Collected data Start Marker

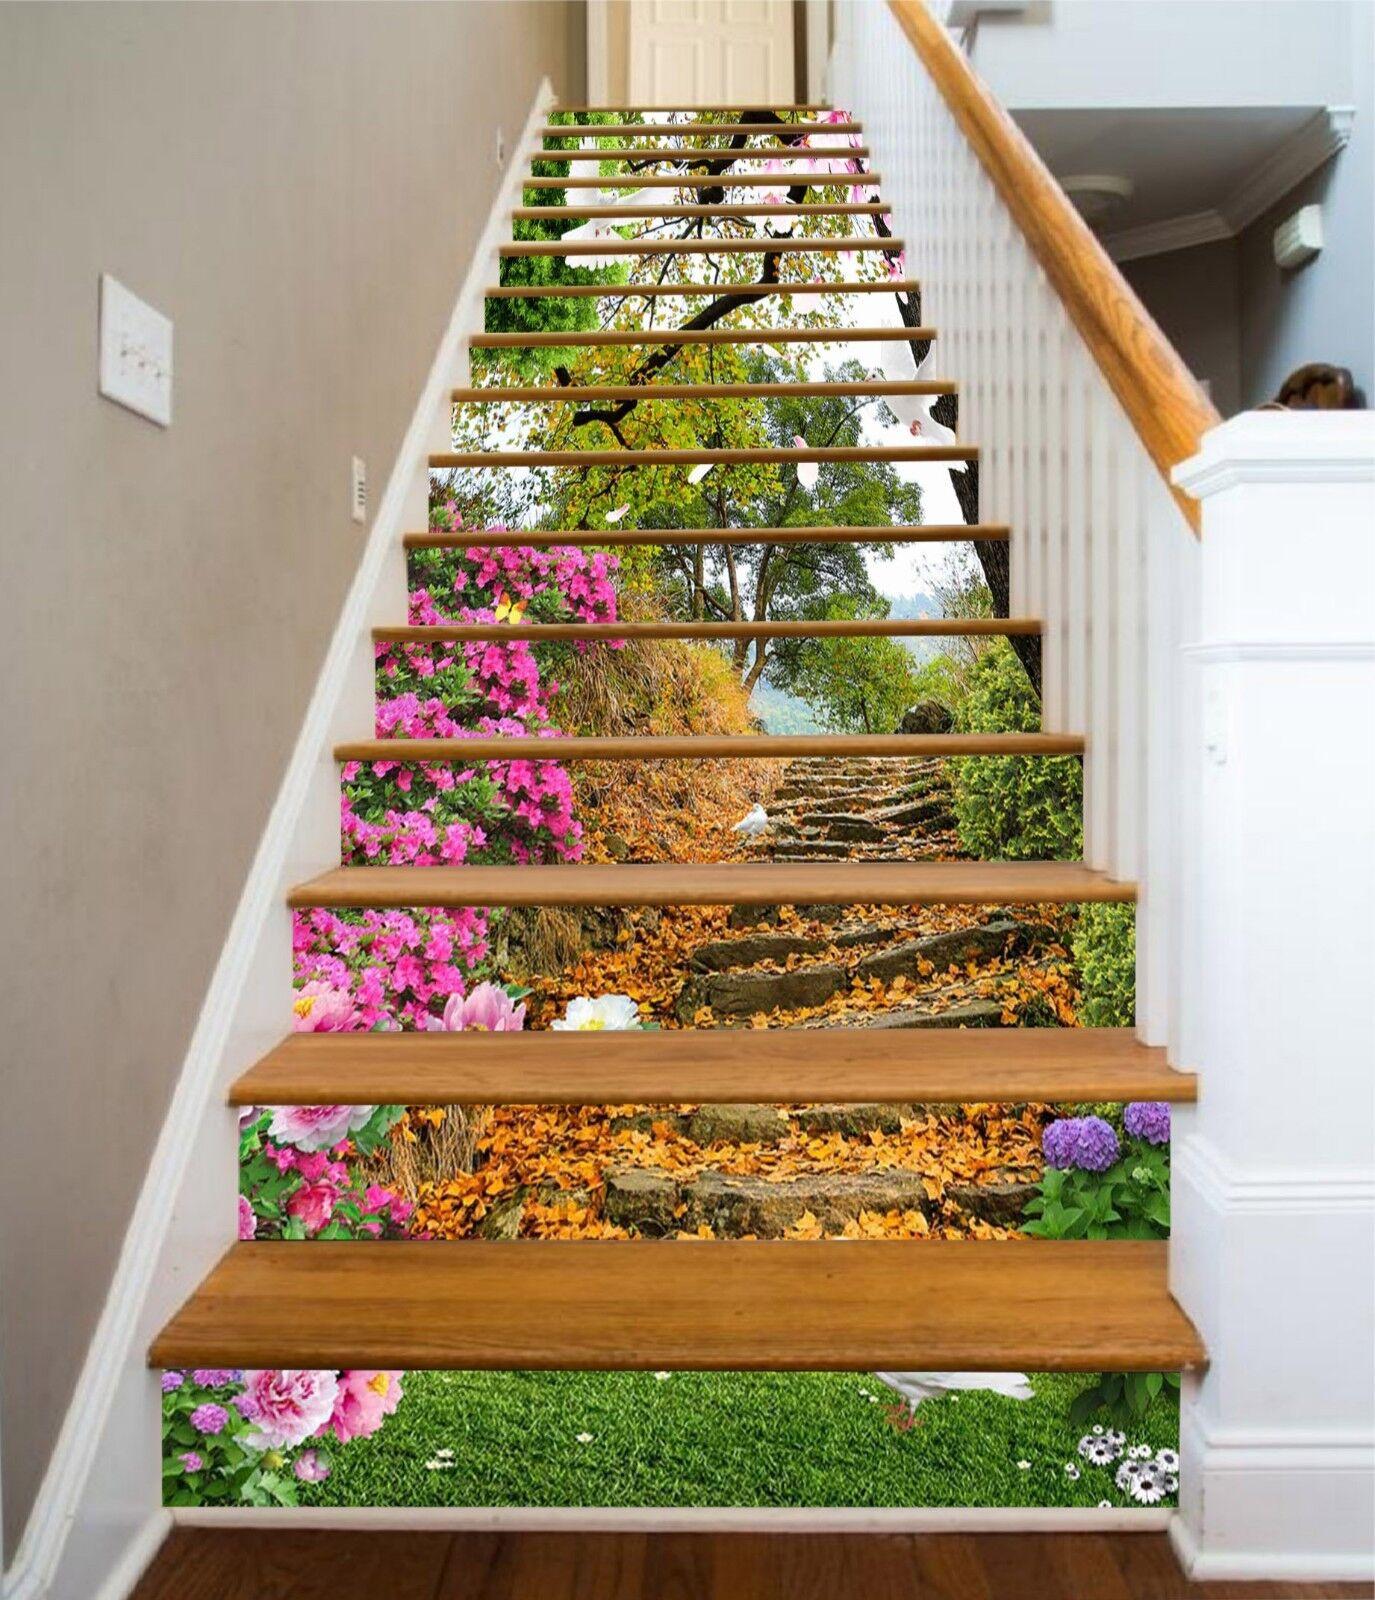 3D Flowers Steps Stair Risers Decoration Photo Mural Vinyl Decal Wallpaper UK
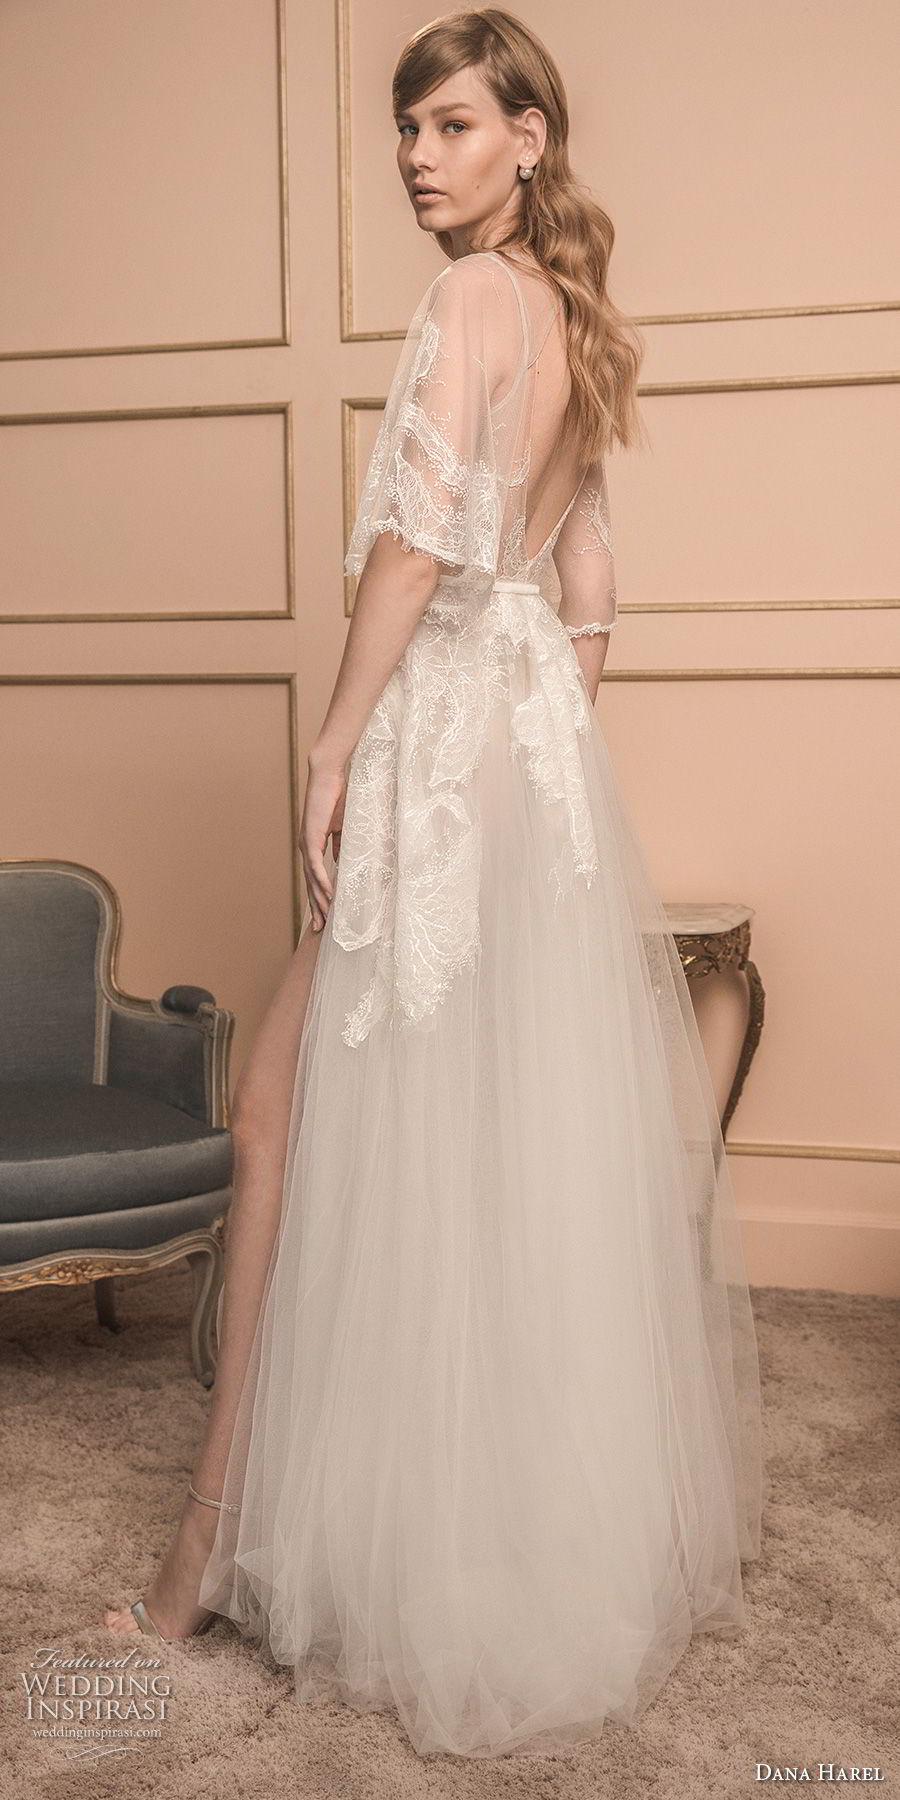 dana harel 2018 bridal half bell sleeves illusion jewel neck heavily embellished bodice high slit skirt romantic a line wedding dress v back sweep train (4) sdv
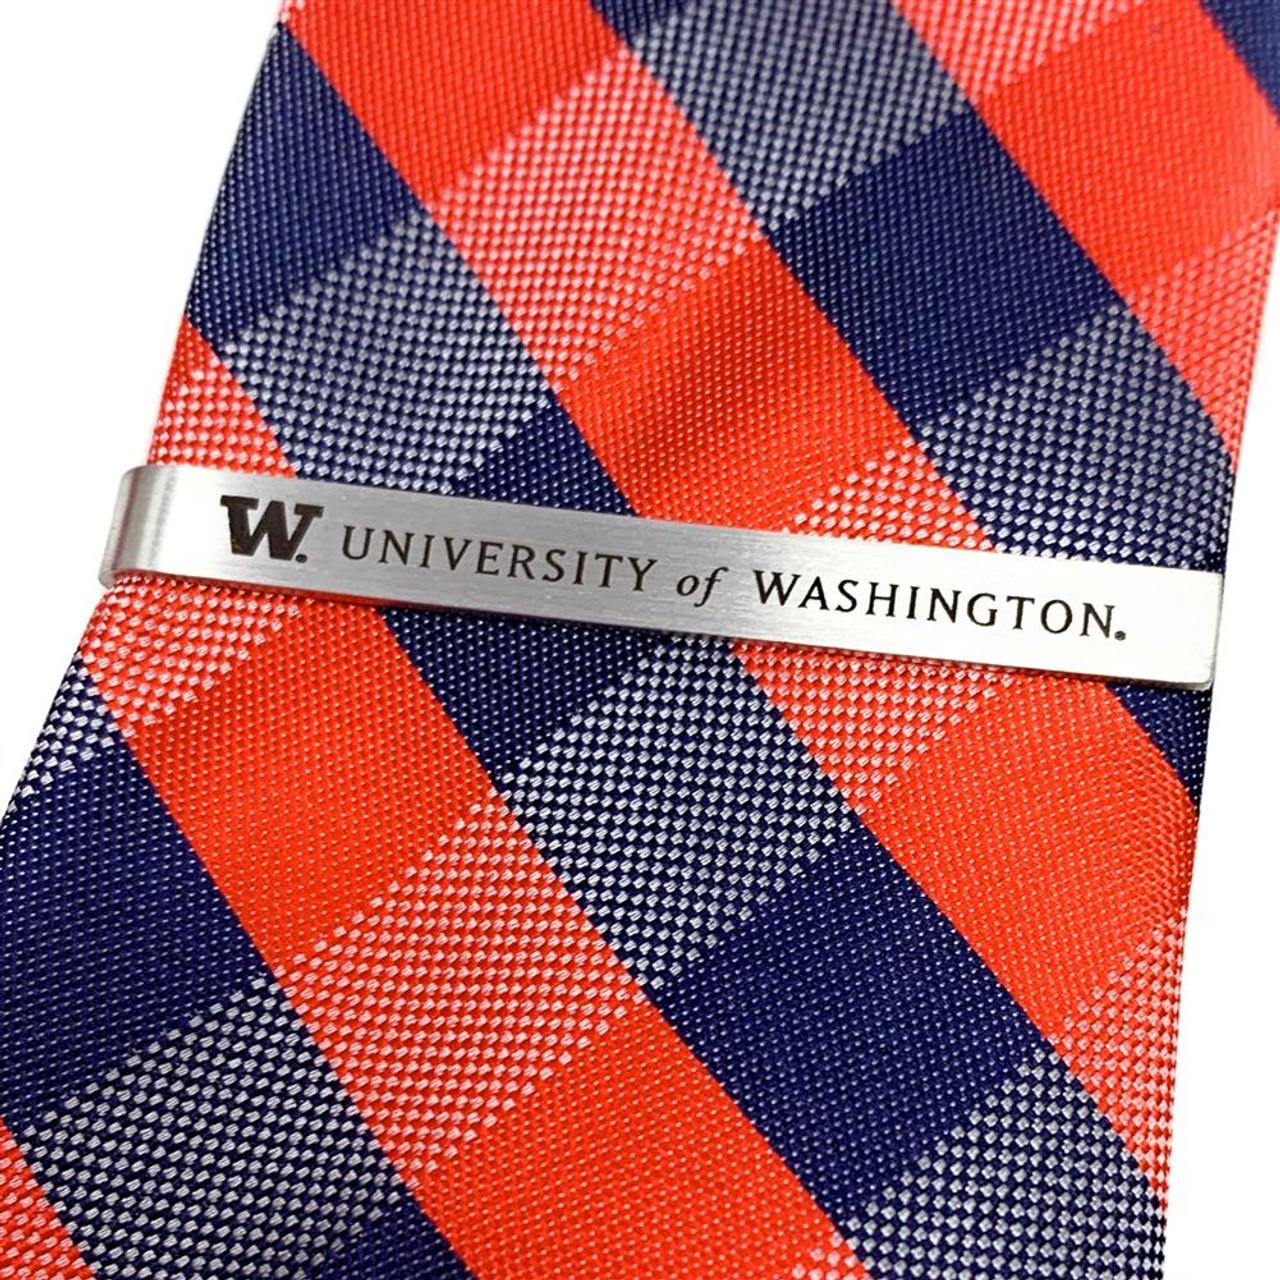 Naval Academy Navy Tie Clip Silver Tie Bar Gift Set
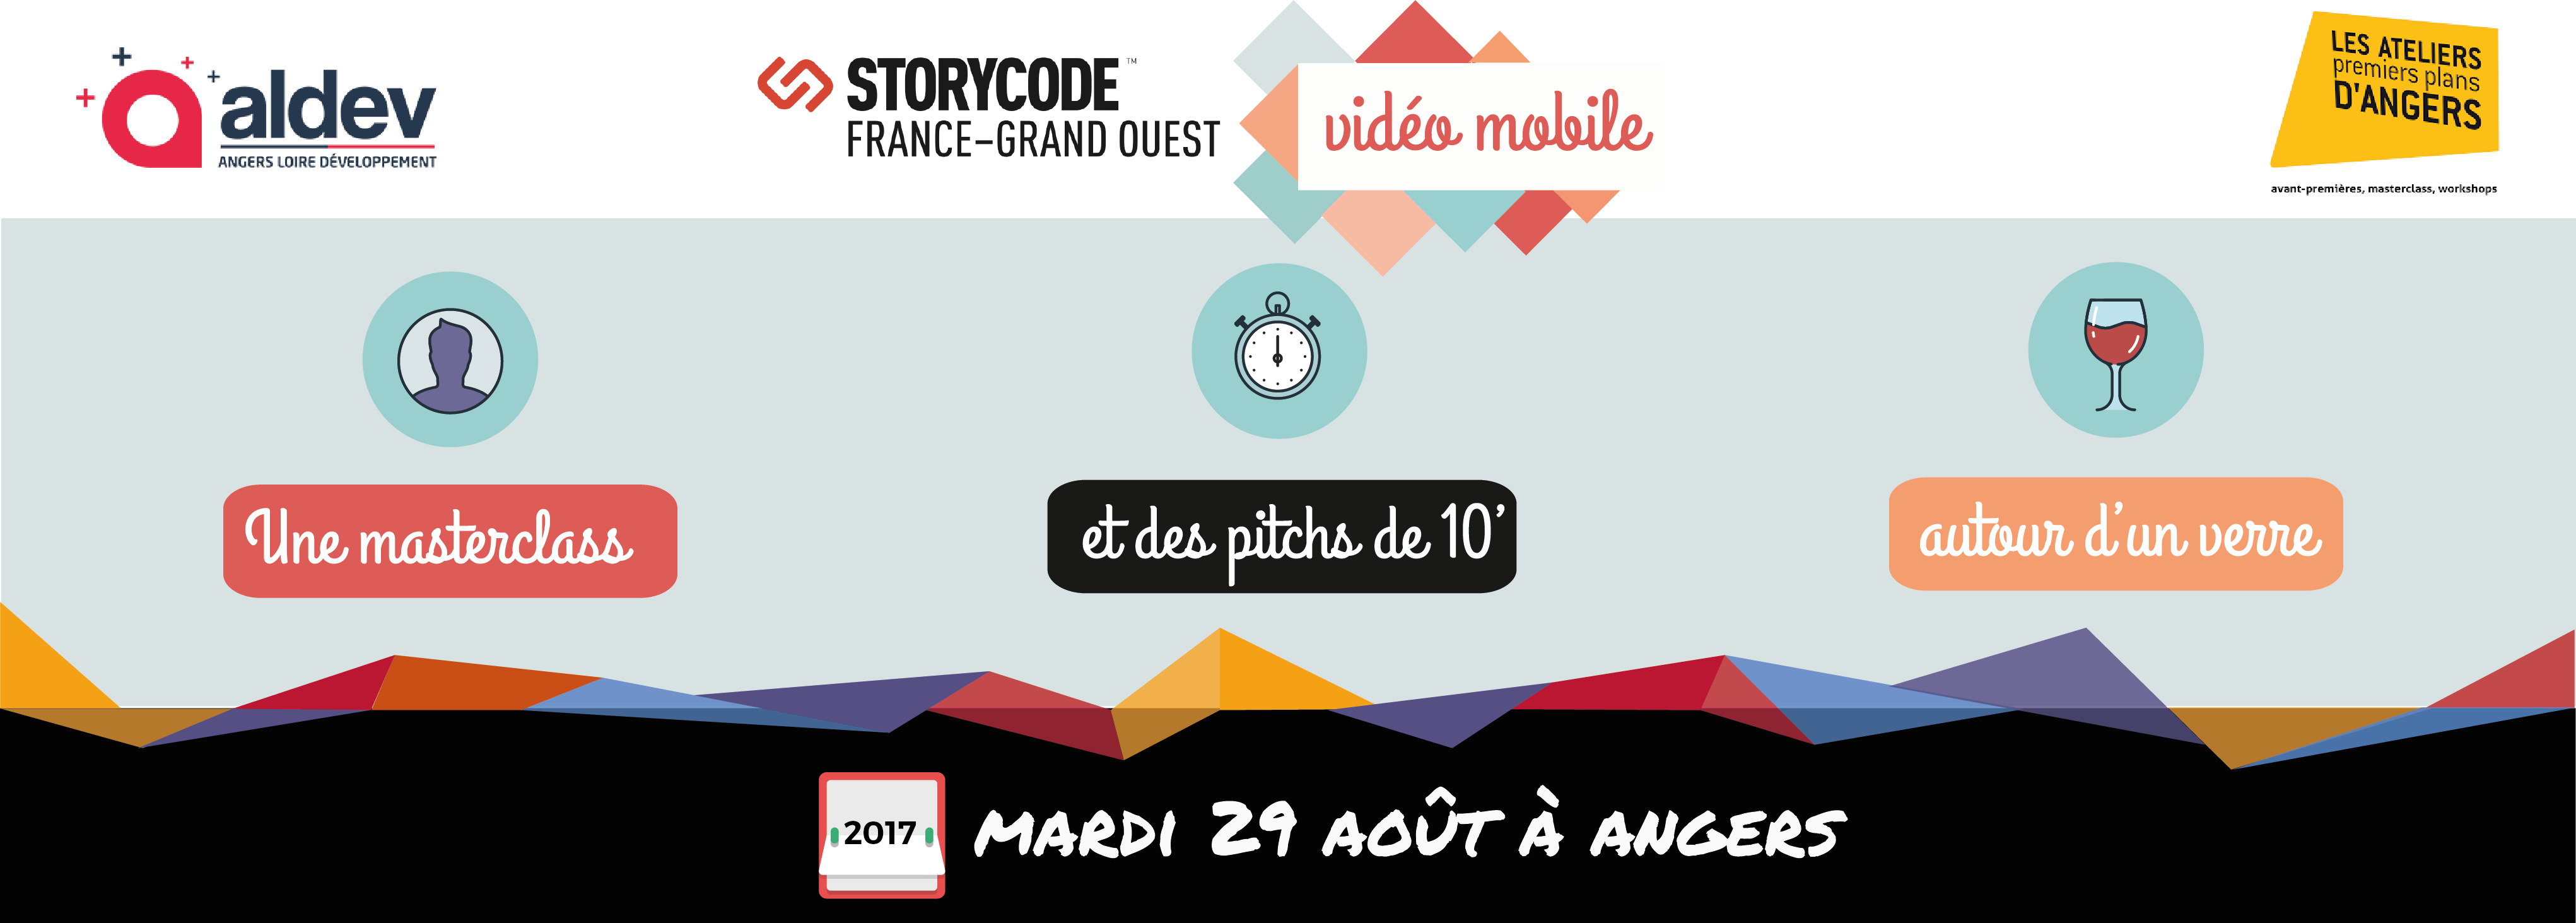 slider-storycode

Collected data End Marker

* _What you should do_
Whenever a line holds a picture, print that line without the picture. All other data must be output exactly.

* _Reply to the exercise_
 3D Flowers Steps Stair Risers Decoration Photo Mural Vinyl Decal Wallpaper UK
 dana harel 2018 bridal half bell sleeves illusion jewel neck heavily embellished bodice high slit skirt romantic a line wedding dress v back sweep train (4) sdv
 Naval Academy Navy Tie Clip Silver Tie Bar Gift Set
 slider-storycode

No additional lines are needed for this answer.